Same environment vars, same vray/maya installs, same deadline installs, same rights on folders and files (as far as i can tell), same service…

Getting more confused by the minute.

Can you add me via Skype? I’d like to work through this with you.

My account for work is “edwin.amsler”.

So, the service does need to start as root because we use su to drop down, and that PID and log are likely owned by root, so not just anyone can write them.

What I would do is set the write permissions of those files to rwx for everyone, then try restarting the service.

I’m going to dig into the init script to actually refresh myself as to how that actually works. Should be able to provide more tips after that.
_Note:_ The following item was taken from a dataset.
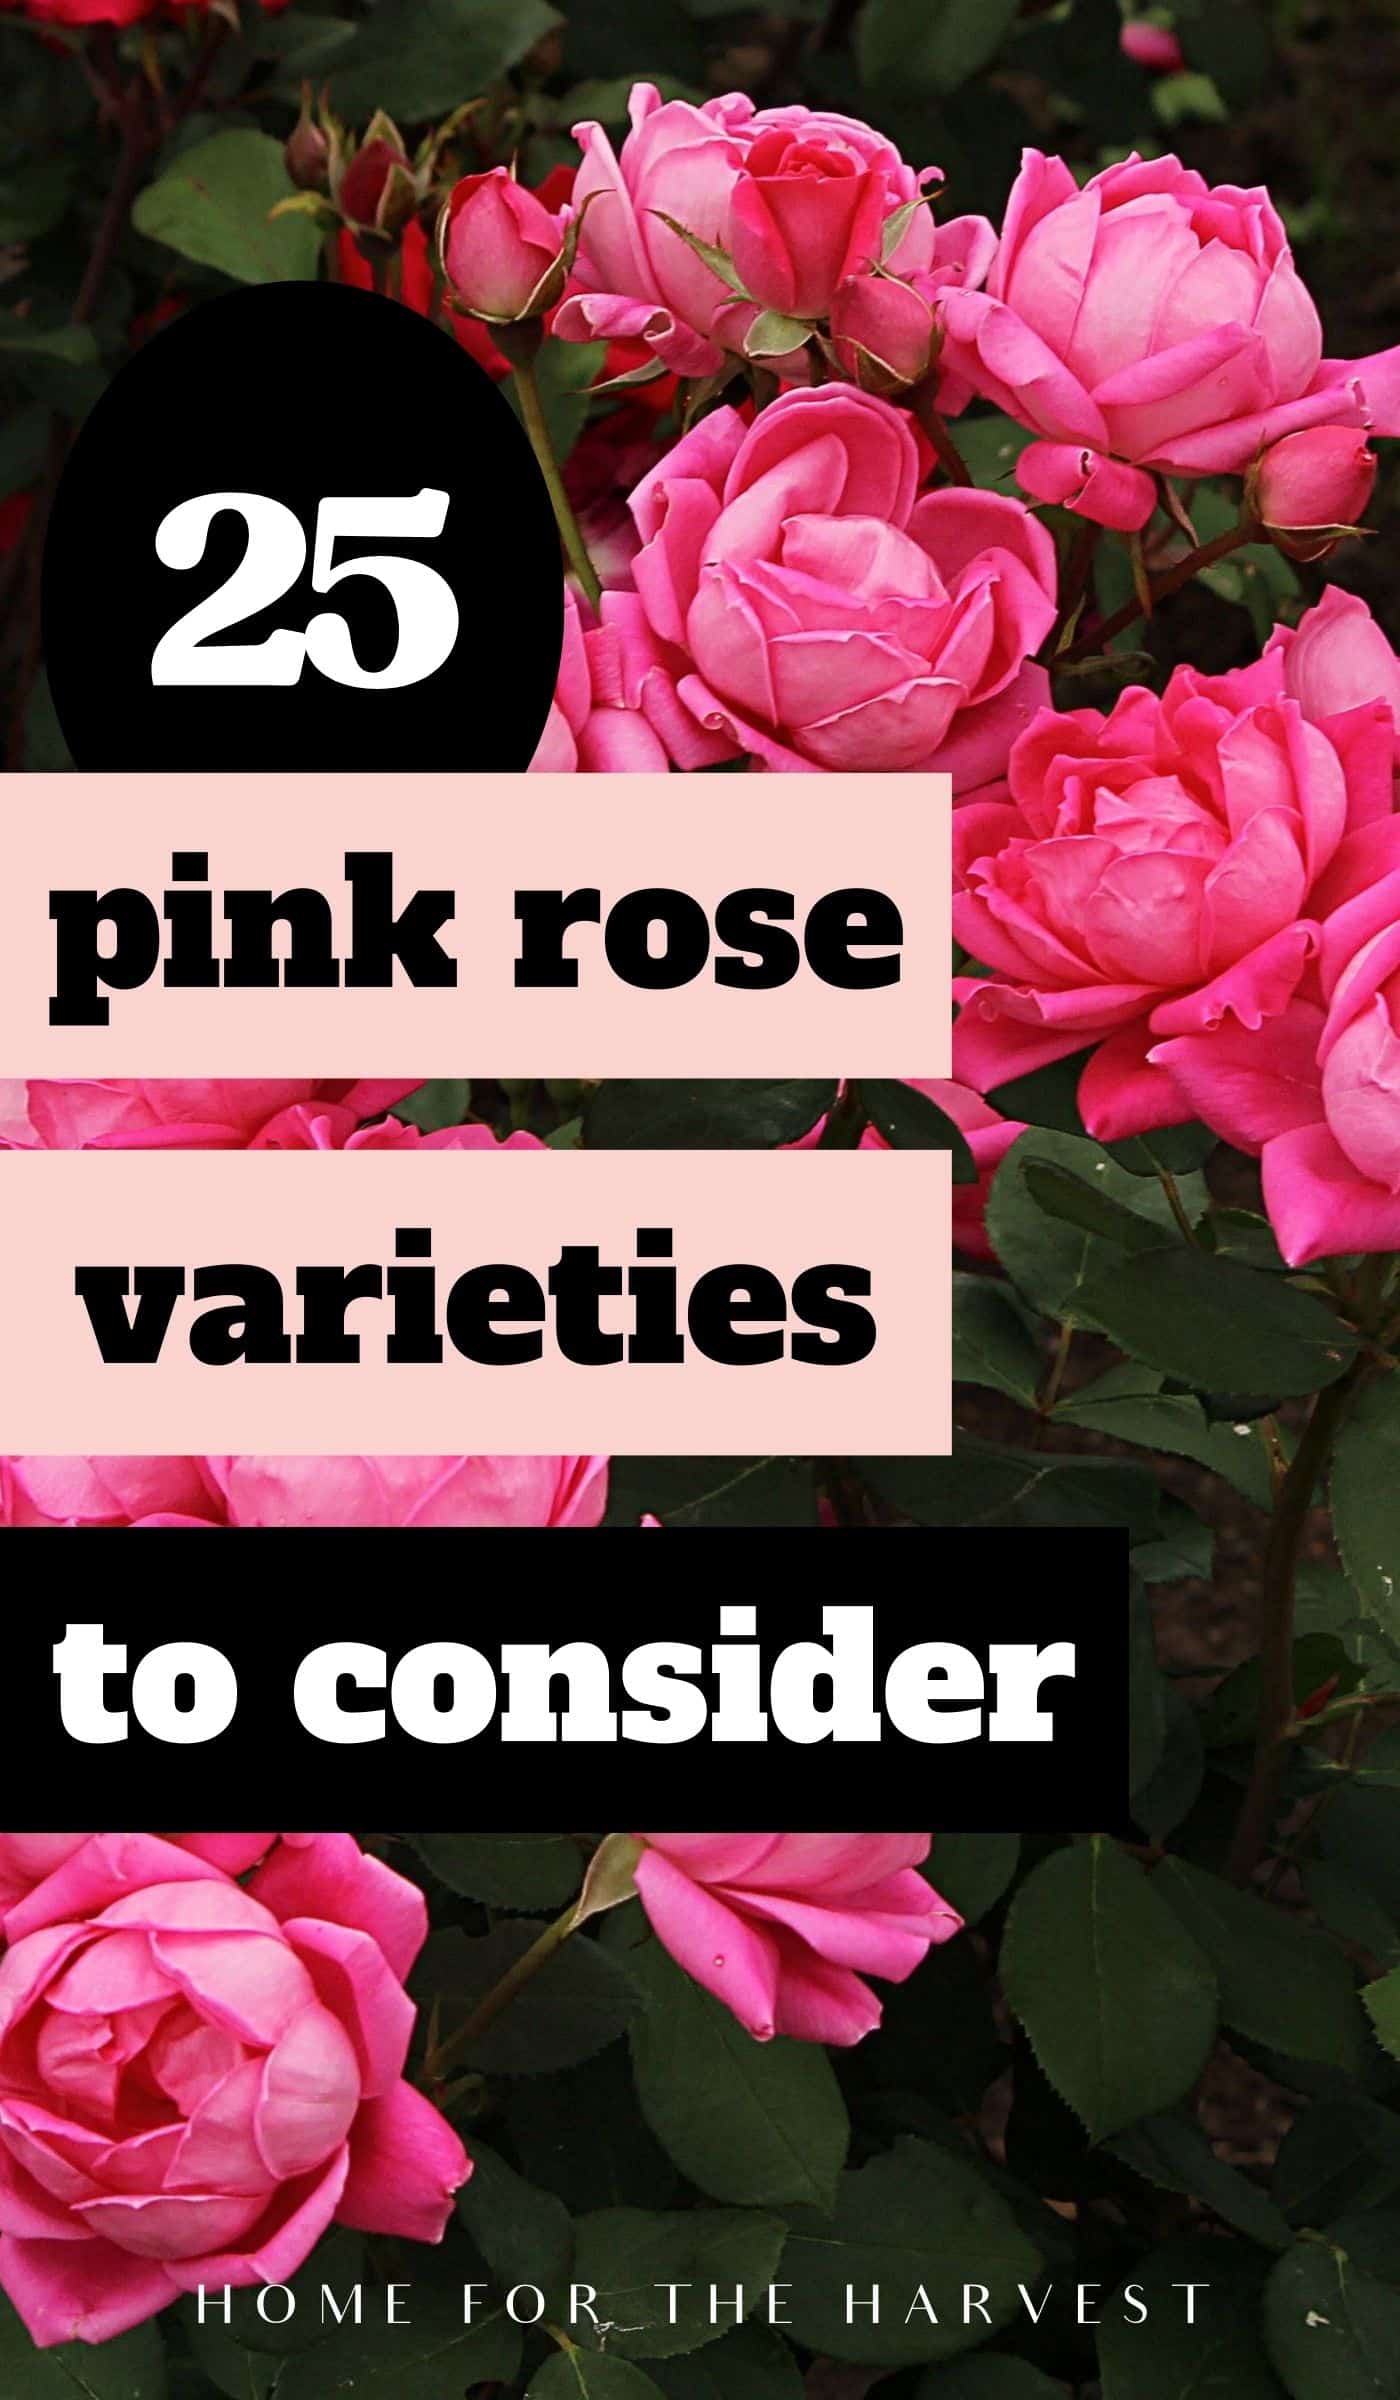 25 pink rose varieties to consider growing in your garden via @home4theharvest

Alrighty, so I definitely wrote this darn script.

It looks like we delete the PID file when we stop the service, so go ahead and do the same, then try and start it using sudo. That should bring things back up and running.

Okay! Figured it out!

Looks like a variable we thought we were passing via the init script actually wasn’t being passed at all.

There’s a little ‘deadlineclient.sh’ file that we put in /etc/profile.d/ that sets the path to Deadline. For whatever reason, that script was missing on the problem machines, so when we told su to run the launcher, it would actually look in that user’s environment for the path to Deadline not the environment we had set for it. Without ‘deadlineclient.sh’ there, there was no environment to point the way.

Whew.